General ML architecture improvements yield incremental, if limited, improvements in compositional generalization settings.

How to even measure the ability for compositional generalization? Like so many concepts in natural language, intuitive explanations of compositional generalization are easy, but more precise definitions can be notoriously elusive. Many works (e.g., SCAN, gSCAN) adopt a simple approach of holding out some set of test samples which differ systematically from those seen in training. For example, showing a model what it means to “walk while spinning” and “push the circle” at train time, and then testing it on “push the circle while spinning”. While such approaches indeed test for compositional generalization, a limitation is that the holding out classes of samples is somewhat heuristic and hand-engineered, and doesn’t yield a precise, numeric or canonical quantification of train-test differences.

Fortunately, a cool paper presented this year at ICLR2020 makes some nice progress on this question. The paper, out of Google Brain, is called “Measuring Compositional Generalization: A Comprehensive Method on Realistic Data”. They propose a method, Distribution Based Compositionality Assessment (DBCA), which allows constructing and more precisely quantifying the compositional-generalization gap between train and test splits.

I really liked the paper and indeed found it comprehensive (including a 20+ page appendix), so this is my attempt at a walk-through and accompaniment to my (un-offical) re-implementation.

Turn the dial on the train-test compositionality gap, and watch model performance drop! If it doesn’t: either you have a breakthrough, or I have a bug 🙃.

DBCA in a nutshell

DBCA provides a method of systematically generating datasets with train and test splits diverging in a controllable and measurable way. The paper applies this method to generate a compositional question answering dataset called CFQ (Compositional Freebase Questions). They show that turning the divergence dial strongly corresponds with a decrease in model accuracy, while remaining compositional and human interpretable; A human who could correctly answer the training set examples of “Who directed Inception?” and “Did Christopher Nolan produce Goldfinger?” would have no trouble testing on questions such as “Did Christopher Nolan direct Goldfinger?” and “Who produced Inception?”, but current SOTA models fail dramatically in such settings.
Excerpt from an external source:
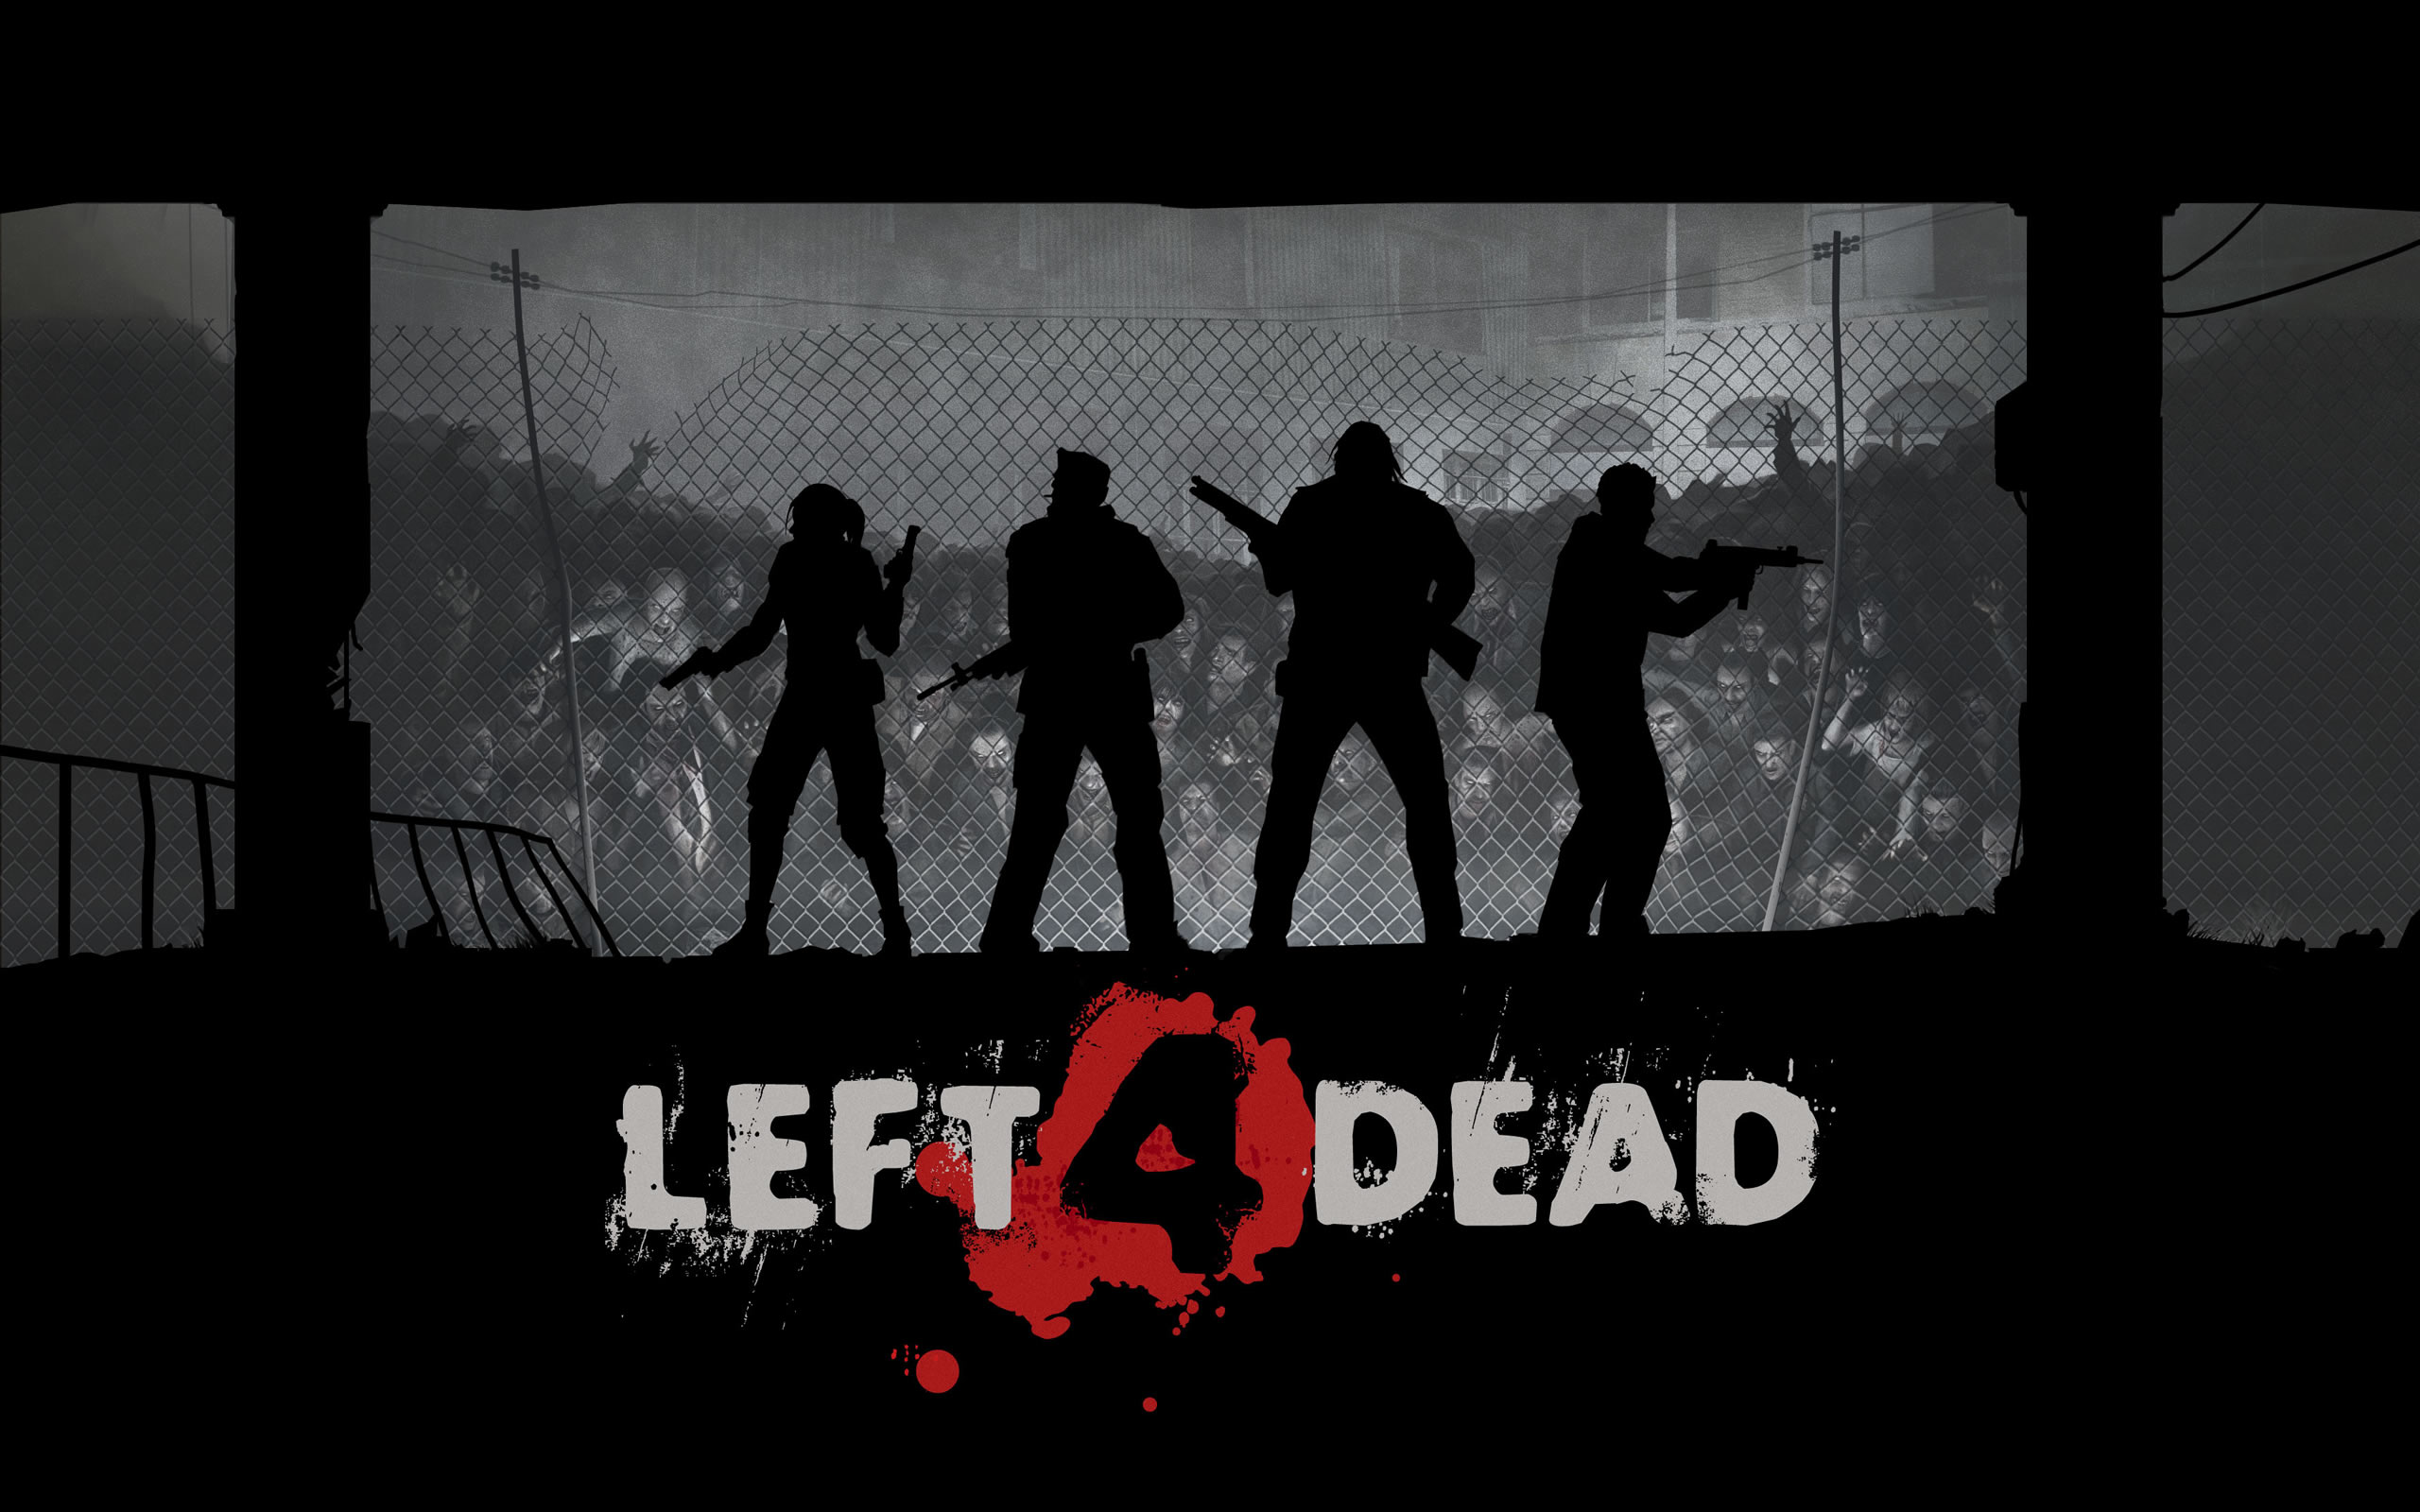 Left 4 Dead - обои на рабочий стол

As the name implies, the magic happens by carefully controlling two distribution measures between train and test splits:

• Atom Divergence: we’ll get formal later, but for now we can intuitively think of atoms as the elementary building blocks comprising each sample: predicates liked “directed”, or entities like “Inception”. We want the atoms to be distributed roughly the same across train and test distributions→low atom divergence, as shown in Fig. 6 of the paper

  

• Compound Divergence: Compounds represent different ways of composing atoms. “Did Christopher Nolan direct Goldfinger?” and “Who produced Inception?” are novel compounds over the same atoms from the training set (“directed”, “Inception”, etc). To measure compositionality, we want to create test sets with novel compounds not seen at train time:

  

Definitions

Sample Definition

To meaningfully measure how samples differ from each other, let’s first understand how a sample is defined and generated in DBCA. Each sample is defined to be a directed a-cyclic graph (DAG), where nodes (or atoms) correspond to rule applications. Edges correspond to dependencies between rule applications.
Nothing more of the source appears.